Hodowle neuronów hipokampa w celu wykrywania i badania nowych patogennych przeciwciał zaangażowanych w autoimmunologiczne zapalenie mózgu

Protokół ten jest istotny, ponieważ pozwolił nam określić, czy próbka pacjenta zawierała przeciwciała chorobotwórcze. Główną zaletą tej techniki jest jej zdolność do różnicowania reaktywności między antygenami powierzchniowymi i wewnątrzkomórkowymi, których nie można łatwo rozróżnić innymi metodami. Kulturowe neurony hipokampa są wykorzystywane do identyfikacji nowych przeciwciał.

Identyfikacja tych nowych przeciwciał ostatecznie pozwala na rozpoczęcie stosowania specyfiku w monoterapii w celu poprawy wyników leczenia pacjentów. Technika ta jest ważna, ponieważ można ją rozszerzyć na całą dziedzinę chorób związanych z patogennymi przeciwciałami skierowanymi przeciwko białkom powierzchniowym neuronów. Trzymając głowę zarodka cienkimi zakrzywionymi kleszczami, przebij oczodoły parą cienkich prostych kleszczy pod kątem 45 stopni.

Następnie zwolnij cienkie zakrzywione kleszcze. Za pomocą nożyczek chirurgicznych wypreparuj skórę i czaszkę, zaczynając od kości potylicznej do kości czołowej. Następnie usuń mózg za pomocą pary cienkich zakrzywionych kleszczy i zbierz go w sześciocentymetrowym naczyniu z hibernacją i witaminą B27.
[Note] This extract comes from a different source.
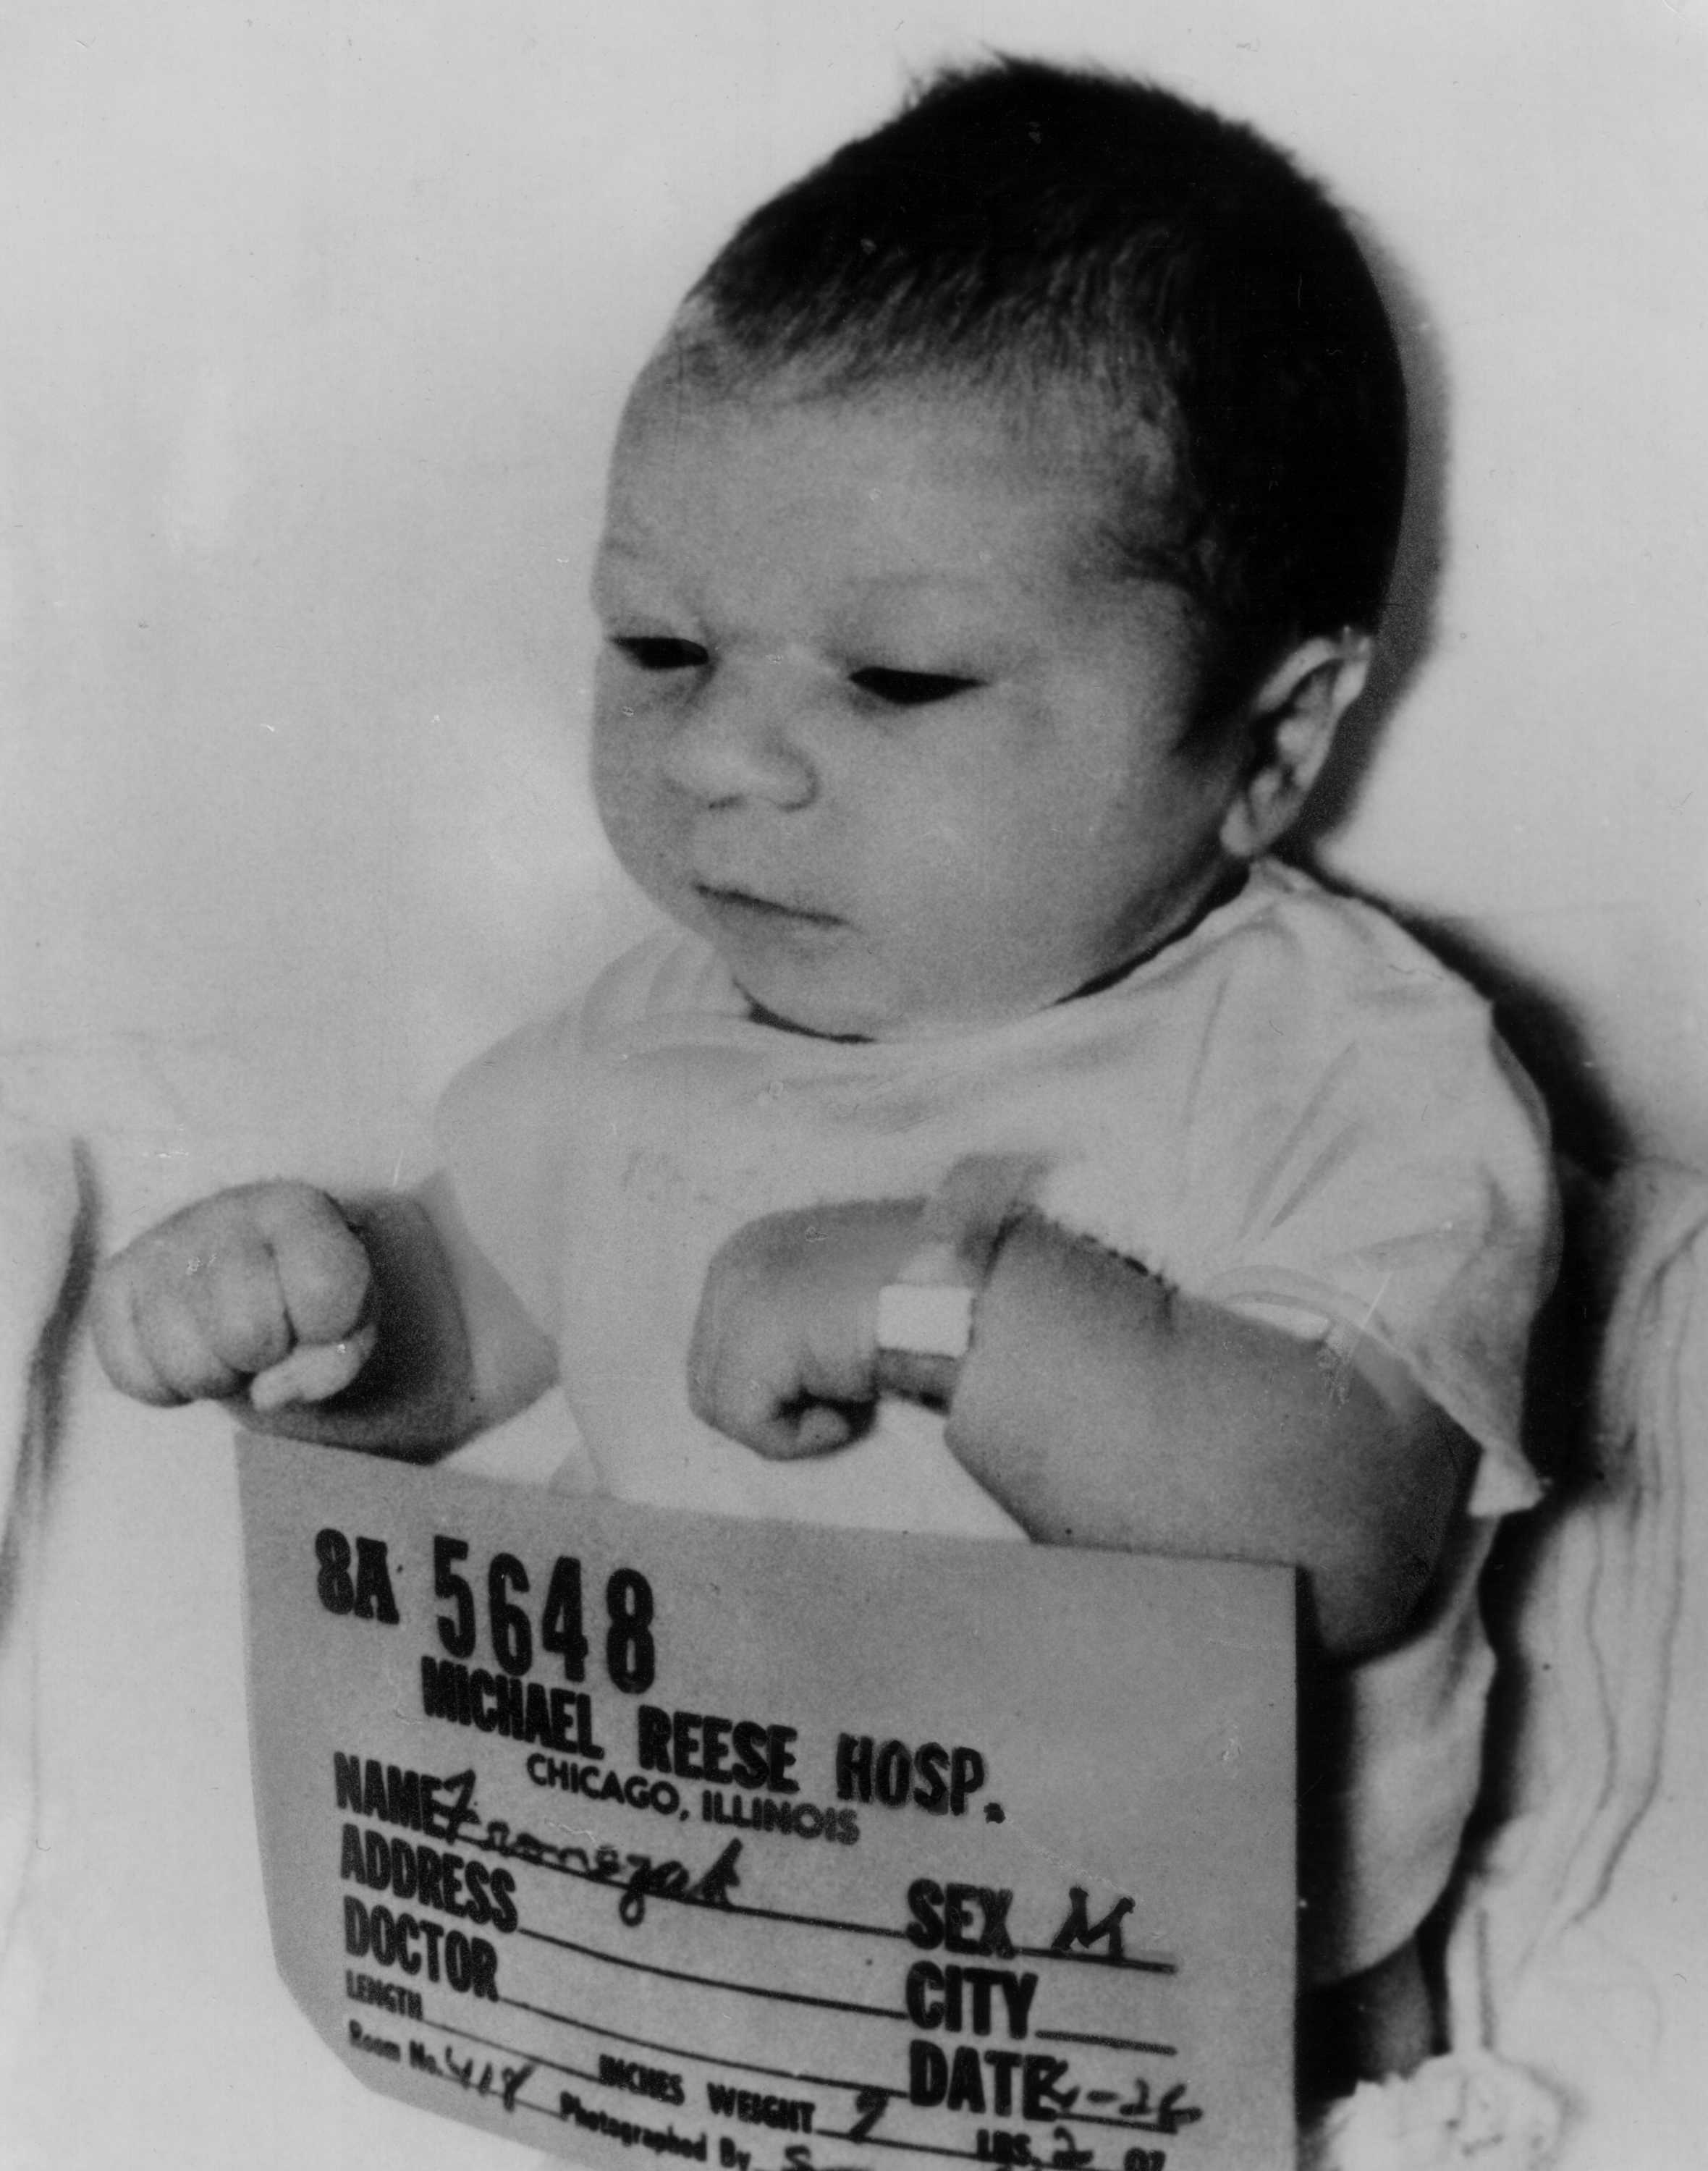 Reports A baby boy kidnapped from a Chicago hospital 55 years ago has been located in Michigan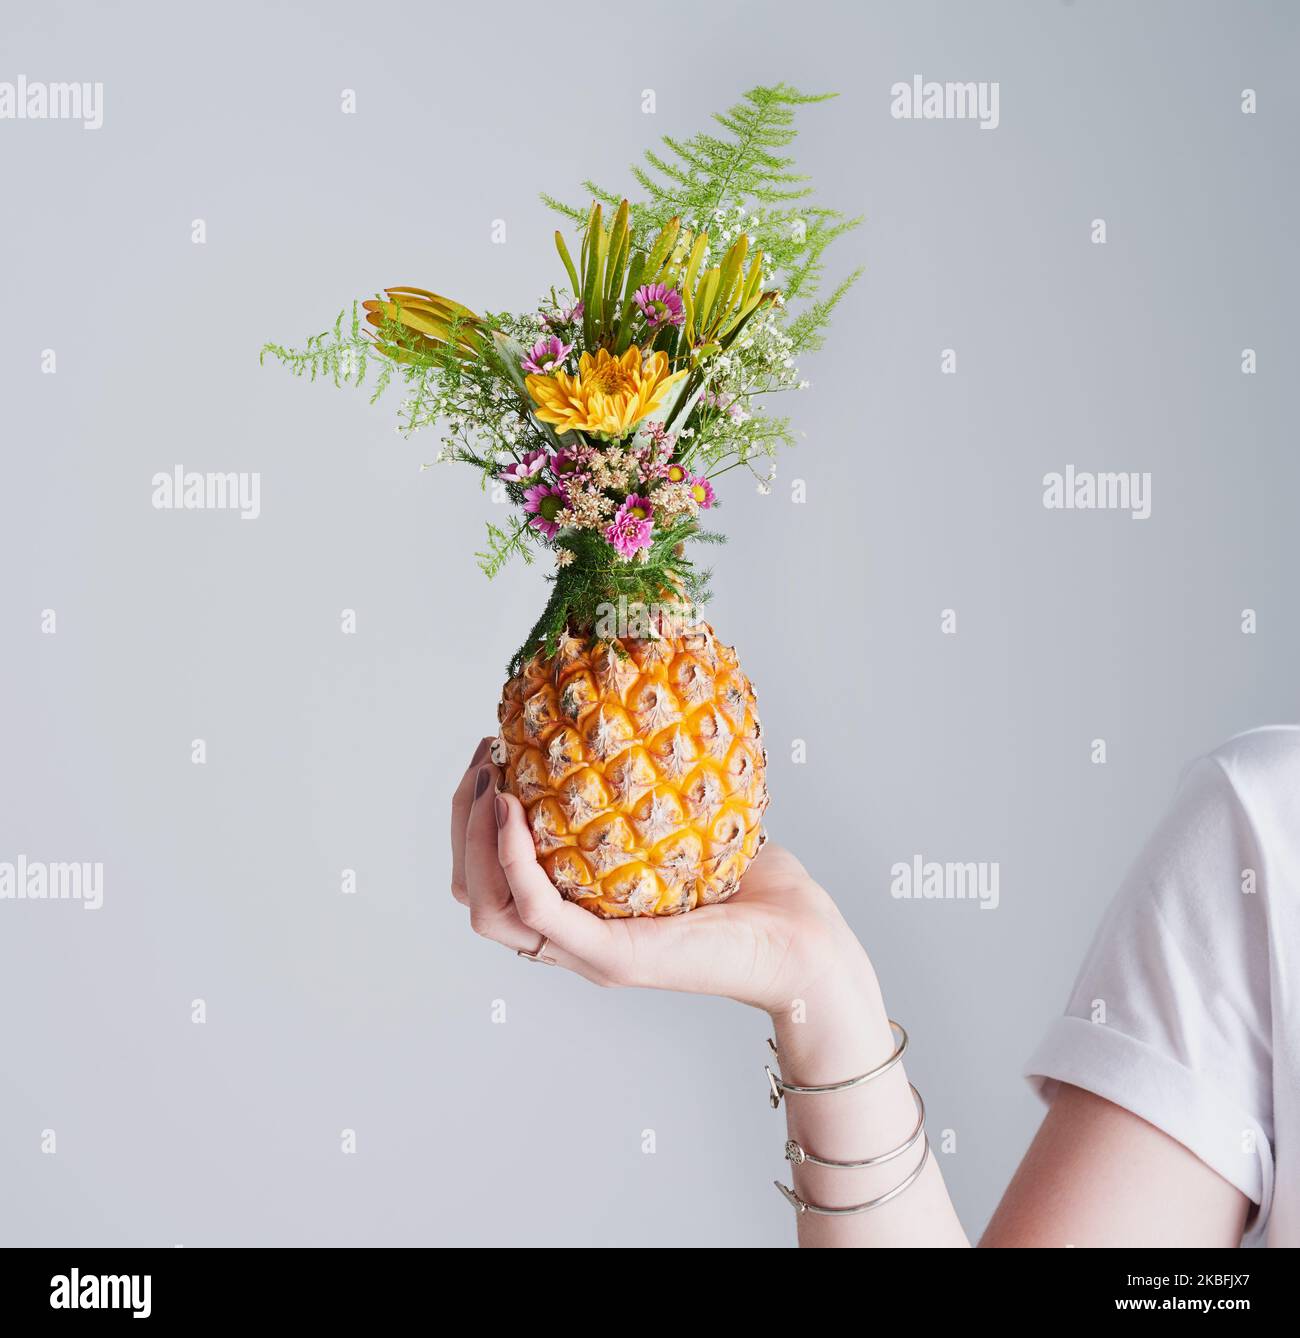 My crown is decorated and beautiful. Studio shot of an unrecognizable woman holding a pineapple against a grey background. Stock Photo

Gdy mózgi ze wszystkich zarodków zostaną odzyskane, użyj cienkich prostych kleszczy, aby strzałkowo oddzielić kresomózgowie. Następnie przygotuj 10-centymetrową miskę, umieszczając krople hibernacji i witaminy B27 w odległości jednego centymetra w okręgu i umieść jedną kresomózgowienie na kroplę, aby uwidocznić przez lunetę sekcyjną w powiększeniu 1,25 razy. Podczas pracy pod mikroskopem ostrożnie usuń wzgórze i obierz opony mózgowe, aby lepiej uwidocznić hipokamp.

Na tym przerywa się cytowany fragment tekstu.